WHY: The Weakerthans are a Canadian rock band, formed by the former bassist for Propagandhi a little more than 10 years ago. Their songs feel like they coalesced when the sun hit black ice on a section of the Trans-Canada highway a few miles outside of Winnipeg, the band’s home, and their perennial subject and vantage point.  If you listen to enough songs by the Weakerthans, you will know Winnipeg, deeply, without ever crossing the border.

A large part of the appeal of the band is John K. Samson, the band’s singer and lyricist, a storyteller and a poet. It’s easy to call songwriters those two things and really mean “they’ve got a way with words and sometimes they turn those words into narratives,” but Samson’s lyrics are honest-to-god poems that happen to be seamlessly set to music. What Weakerthans lyrics have the capacity to do is what the best poetry should do: present words you’re used to in a way that makes them exciting, moving, and relevant. It doesn’t hurt matters of poetry, that on occasion, his songs are written in perfect sonnet form.

But there’s even more than that, because a good writer who only writes love songs can grate after a while. Samson’s not afraid to write a good love song every now and again, or a song or two from the point of view of a cat named Virtute (he’s got two stellar ones), but as I hear it, his chosen topic, the one that acts as floorboards for most of his songs, is home. He writes about it in obvious ways, like the ode to the collective drunken warmth of a local bar, “Wellingtons Wednesdays” (“The night’s a spill, a permanent stain” it begins).

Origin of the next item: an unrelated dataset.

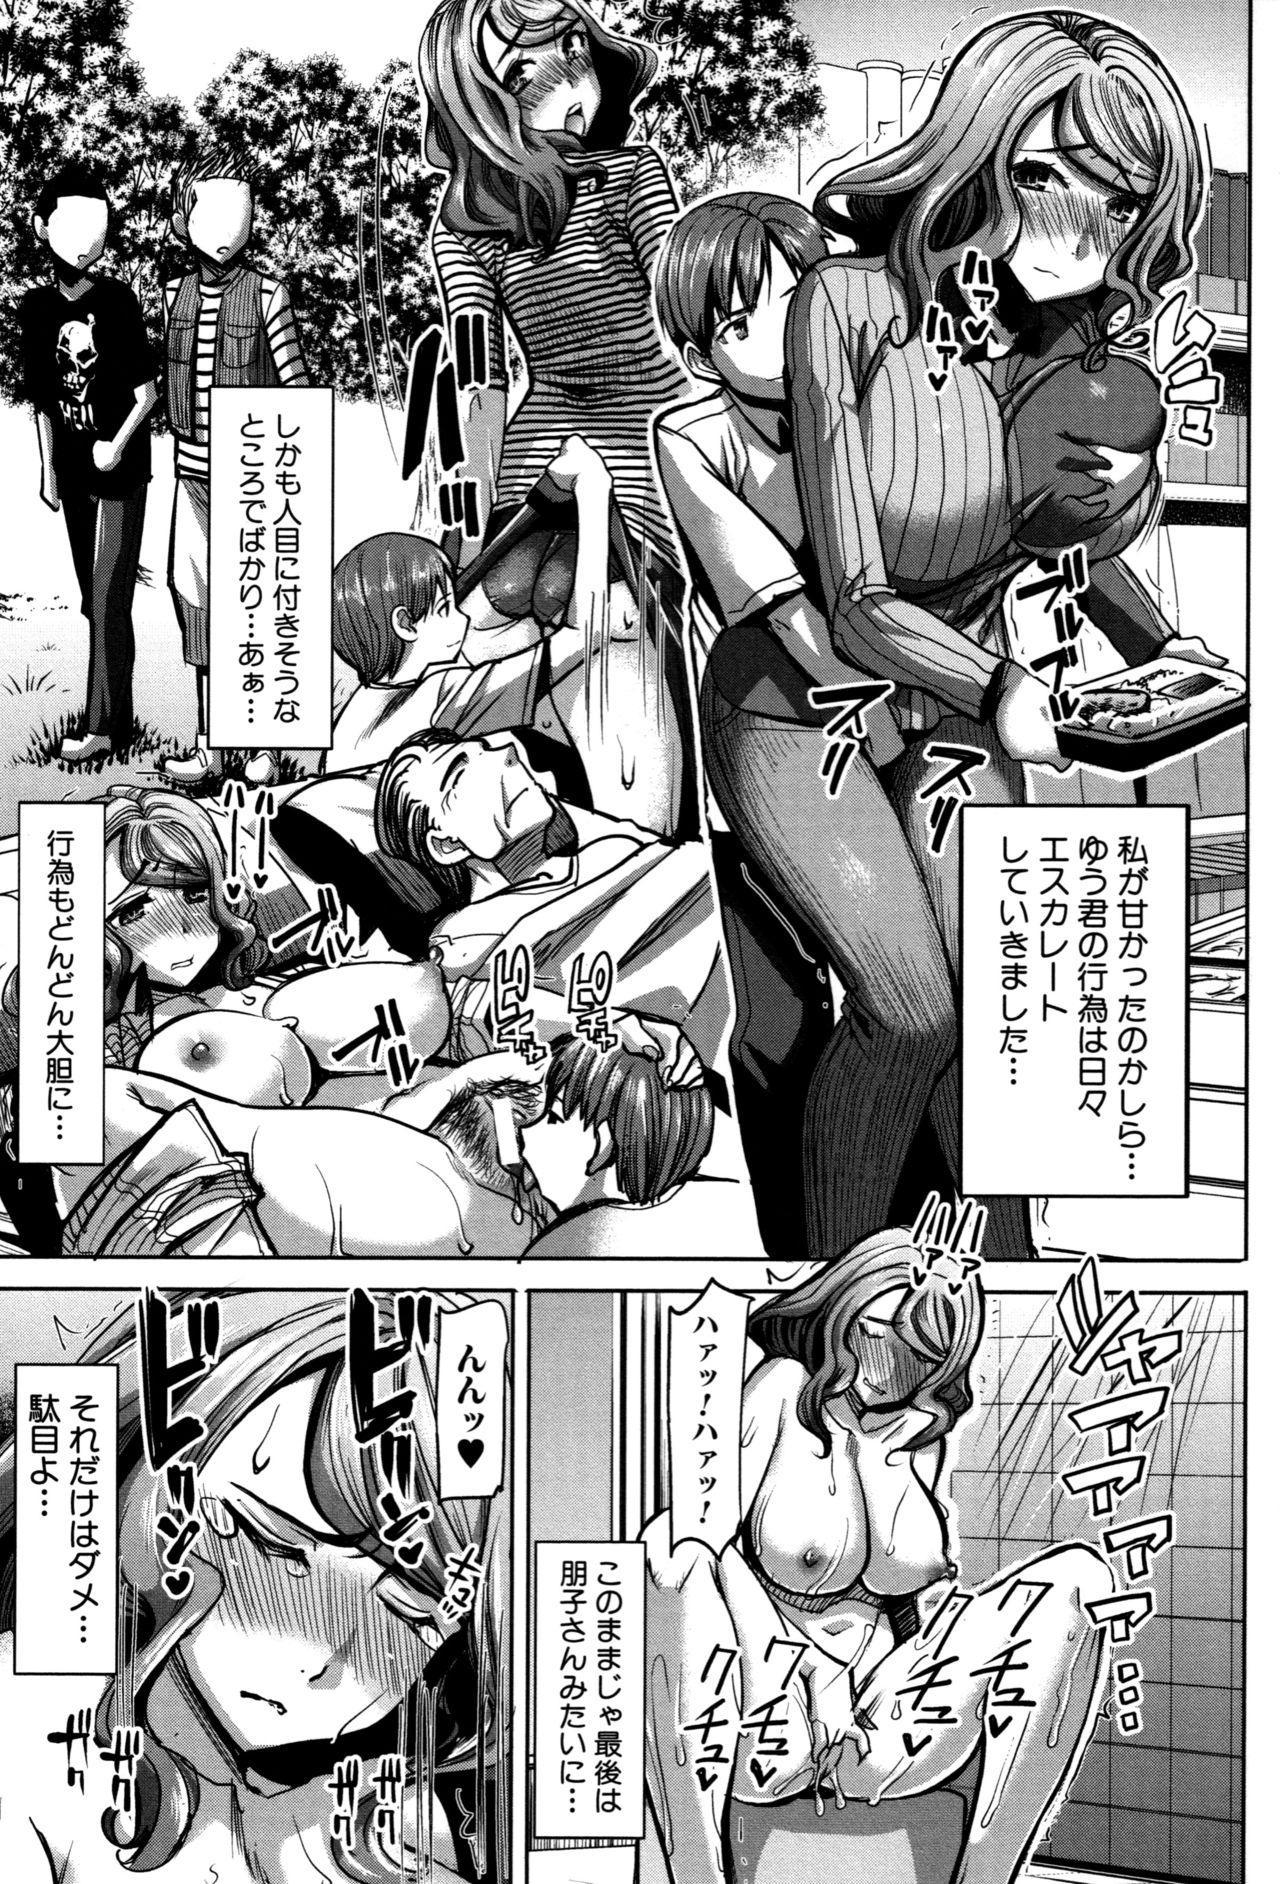 Unsweet - Asahina Ikka Netorareta Haha · Tomoko 88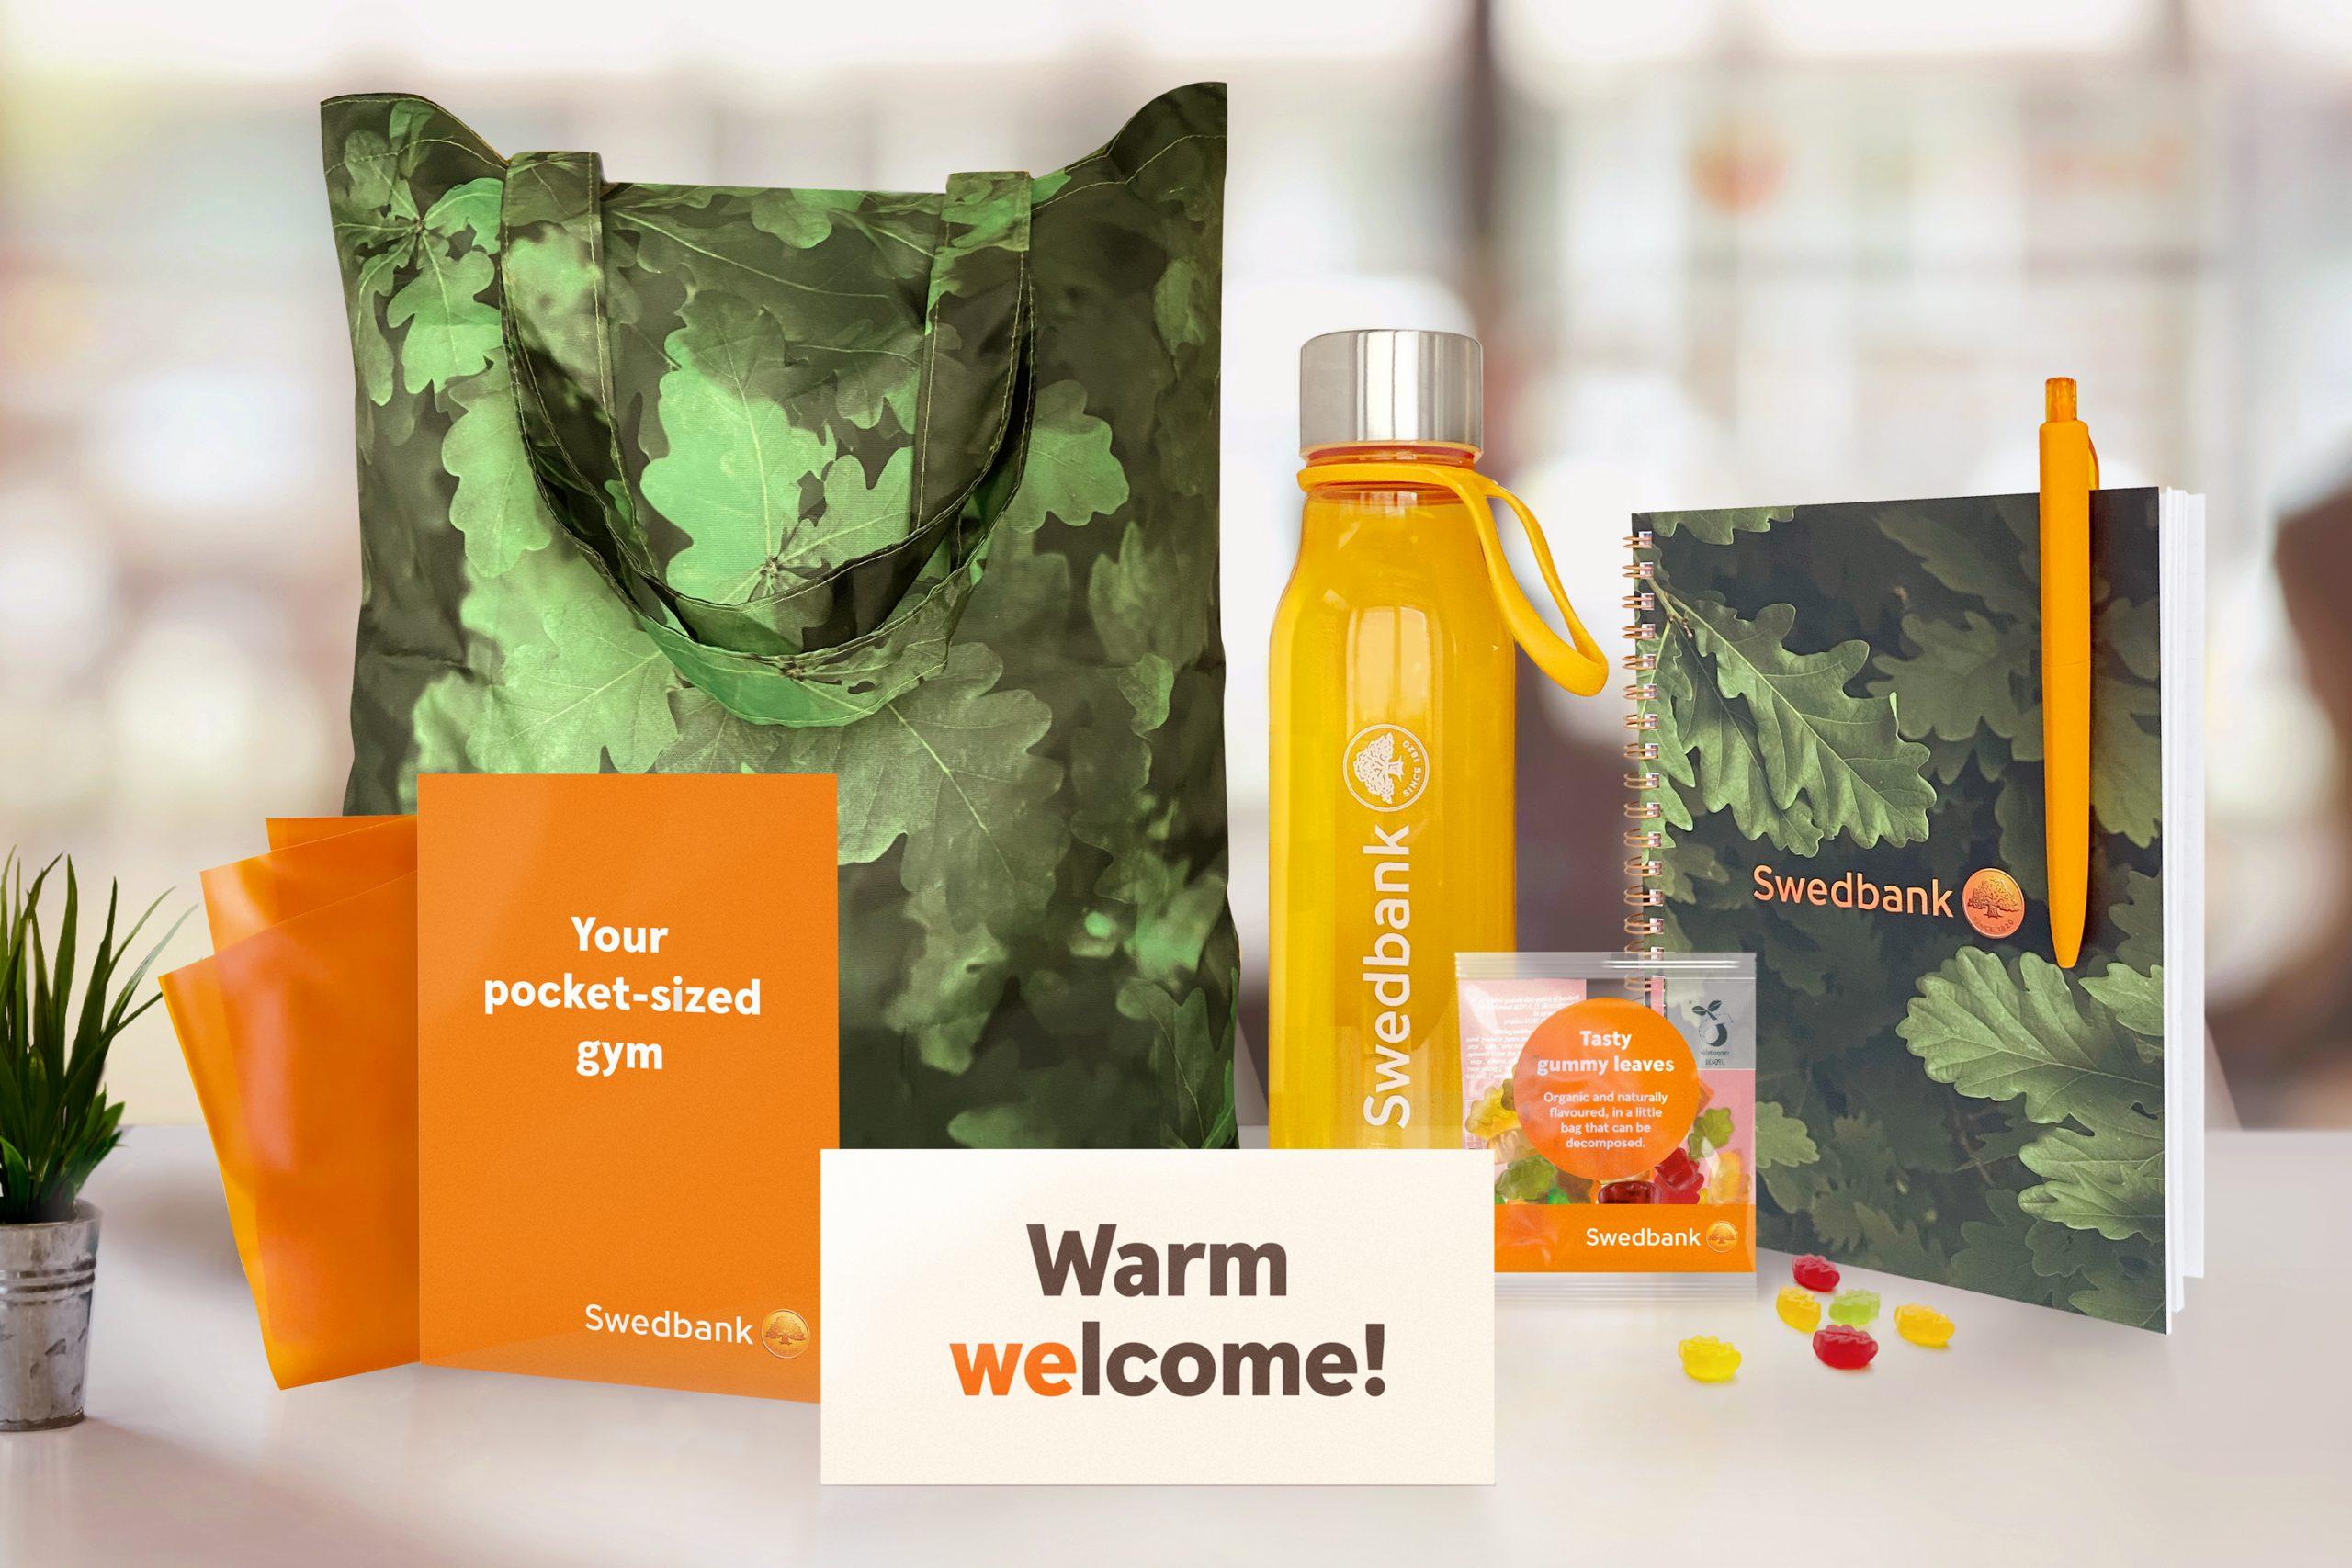 Swedbank welcome kit

He writes about home being a place you can’t leave, so all that’s left is to try to find some way to change within it, in the song “Fallow” (“We’ll carve new streets and sidewalks, a city for small lives. And say that we’ll stay just one more year”).

He writes about it being a place you can’t forgive for not letting you change in “This is a Fire Door Never Leave Open” (“And I love this place, the enormous sky, and the faces, hands that I’m haunted by. So why can’t I forgive these buildings, these frameworks labeled ‘home’ ”).

He talks about temporary homes, boxed up and repainted and now empty, and the desperate wanting for some kind of memory to last past the damage deposit in “Sun In An Empty Room” (“Parallelograms of white in rooms that we repainted white”).

He talks about home as a place where the only way to leave is to die, but not even that works, because just as the idea of home seems to haunt Samson, so do the people who once made up home, even after they’ve long died. His song “Night Windows” is about such ghosts, and Samson’s ends with a bunch of half-finished things he would say, were he to pass one of those specters on a fall Winnipeg night: “Remember How…I’m Sorry That…I Miss The Way…Could We.”

I think it appeals to me because I’m obsessed with the idea of home, of producing roots and lacerating them, when home changes and whether you grow with it or wriggle out it. Of civic pride in towns where most residents don’t know the name of the guy who founded their town. But you’ve all got homes, and these songs might make you think about them a little more. That’s what I can hope.

I do need to make it clear, it’s not just John’s show, and hopefully these songs prove that. Whether in the wood-worn solo of “Elegy for Elsabet” or the lilting Pedal Steel on “Benediction,” Stephen Carol is a beautiful, emotive guitar player. The rhythm section of Greg and Jason plow through punk song like a kid who’s a natural at driving stick, and support the band’s quieter tendencies with grace and innovation; see Jason’s drumming on “Left and Leaving” or Greg’s lulling bass on “Sun in an Empty Room.”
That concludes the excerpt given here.